Scale bars indicate 100 μm. Error bars represent mean ± standard deviation.

Extended Data 6.

(A) Images of non-necrotic (left) and necrotic (right) M. marinum-tomato granulomas stained with DAPI (top) and haematoxylin & eosin (bottom). White arrows indicate non-necrotic granuloma, yellow arrows indicate necrotic granulomas. Images are representative of granulomas found in 8 individual animals.

(B) Representative image of a necrotic granuloma from a negative control, not injected with pimonidazole, 2 wpi adult Tg(flk1:EGFP) zebrafish infected with M. marinum-cerulean (cyan), and stained for hypoxyprobe (red) and with DAPI (blue). Images are representative of granulomas found in 2 individual animals.

(C) i. Representative image of M. marinum-tomato granuloma in Tg(flk1:EGFP) zebrafish stained with DAPI. White arrow indicates granuloma, yellow line indicates path measured for distance between granuloma and nearest vasculature (indicated by green arrow). Image is representative of data presented in Extended Data 6Cii, Extended Data 6Di and Extended Data 7A. ii. Distance between granulomas and nearest vasculature measured in 2 wpi adult Tg(flk1:EGFP) zebrafish. Total number of zebrafish analysed = 4 (control), 4 (pazopanib).

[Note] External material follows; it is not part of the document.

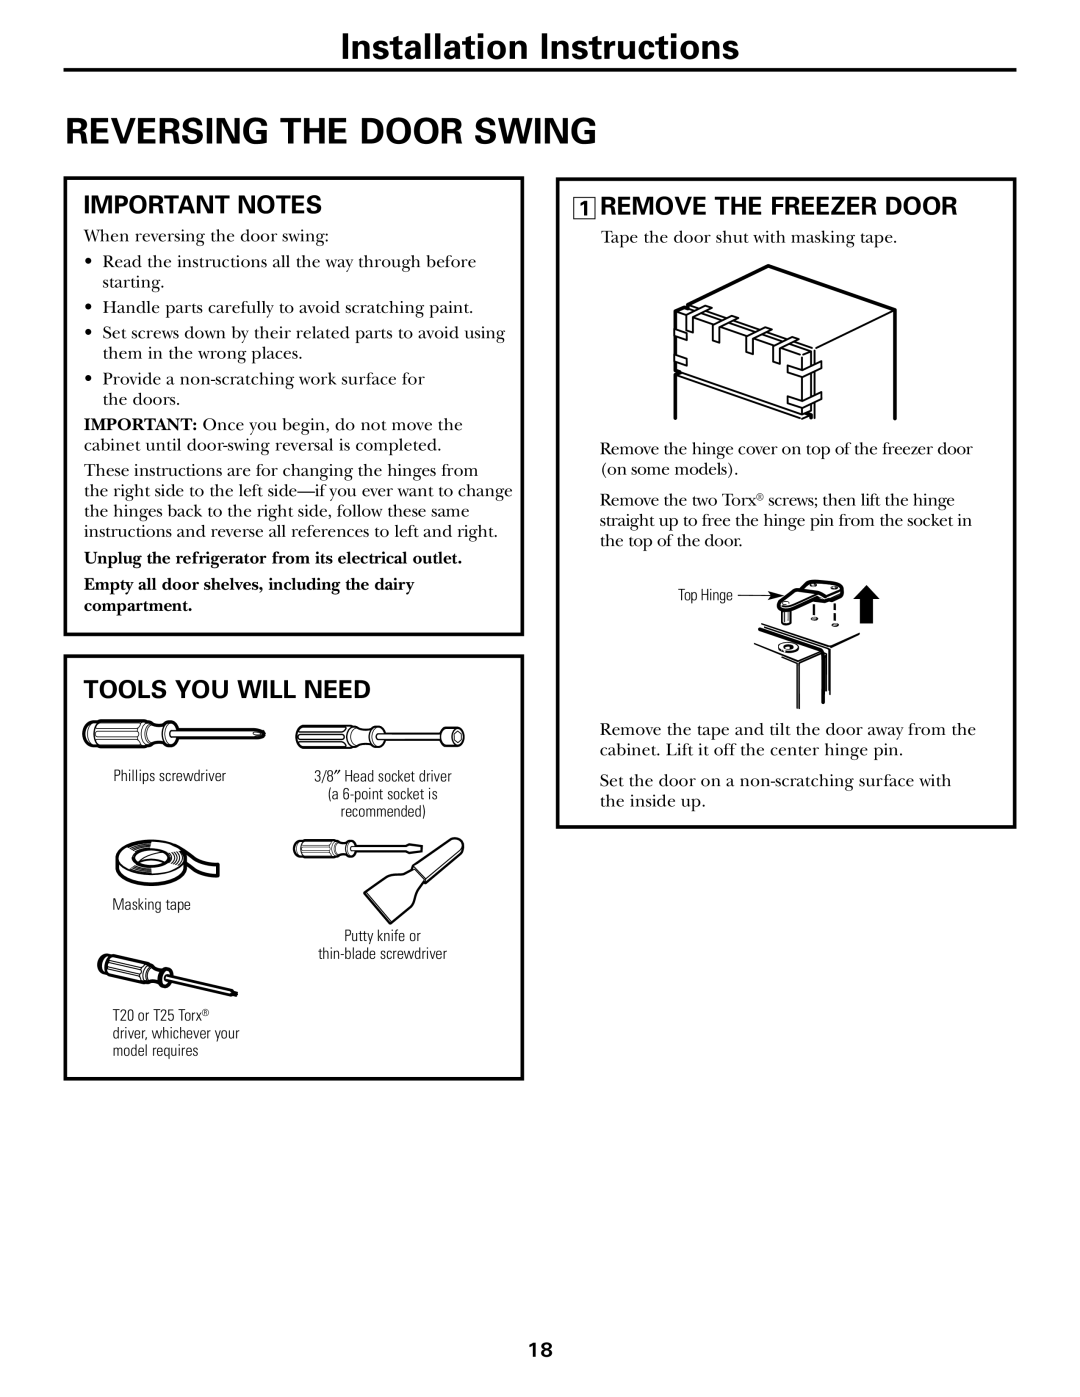 Hotpoint 19 Installation Instructions REVERSING THE DOOR SWING, Important Notes, Tools You Will Need

(D) i. Distance between granulomas and nearest vasculature measured in 2 wpi adult Tg(flk1:EGFP) zebrafish treated with pazopanib for 1 week. Total number of zebrafish analysed = 2 (control), 2 (pazopanib). ii. Bacterial burden in 2 wpi adult zebrafish treated with pazopanib for 1 week. T-test, data are pooled from 3 biological replicates.

Extended Data 7.

(A) Distance between granulomas and nearest vasculature measured in 6 wpi adult Tg(flk1:EGFP) zebrafish. Total number of zebrafish analysed = 4 (control), 4 (pazopanib). Green dot indicates outlier that was omitted from statistical analysis.

(B) Images of (left) low burden/hypoxic and (right) high burden/non-hypoxic granulomas in zebrafish that were injected with pimonidazole. Asterisks indicate M.marinum-tomato, arrows indicate areas of hypoxia in granuloma. Images are representative of data in Figure 4D, Extended Data 7C and Extended Data 7D.

(C) Comparison of granulomas between control and pazopanib treated adult zebrafish scored for pimonidazole staining. Total number of zebrafish analysed = 4 (control), 4 (pazopanib).

(D) Comparison of granulomas between non-hypoxic and hypoxic granulomas in control and pazopanib treated adult zebrafish scored for M. marinum burden. Total number of zebrafish analysed = 4 (control), 4 (pazopanib).

Scale bars indicate 100 μm. Error bars represent mean ± standard deviation.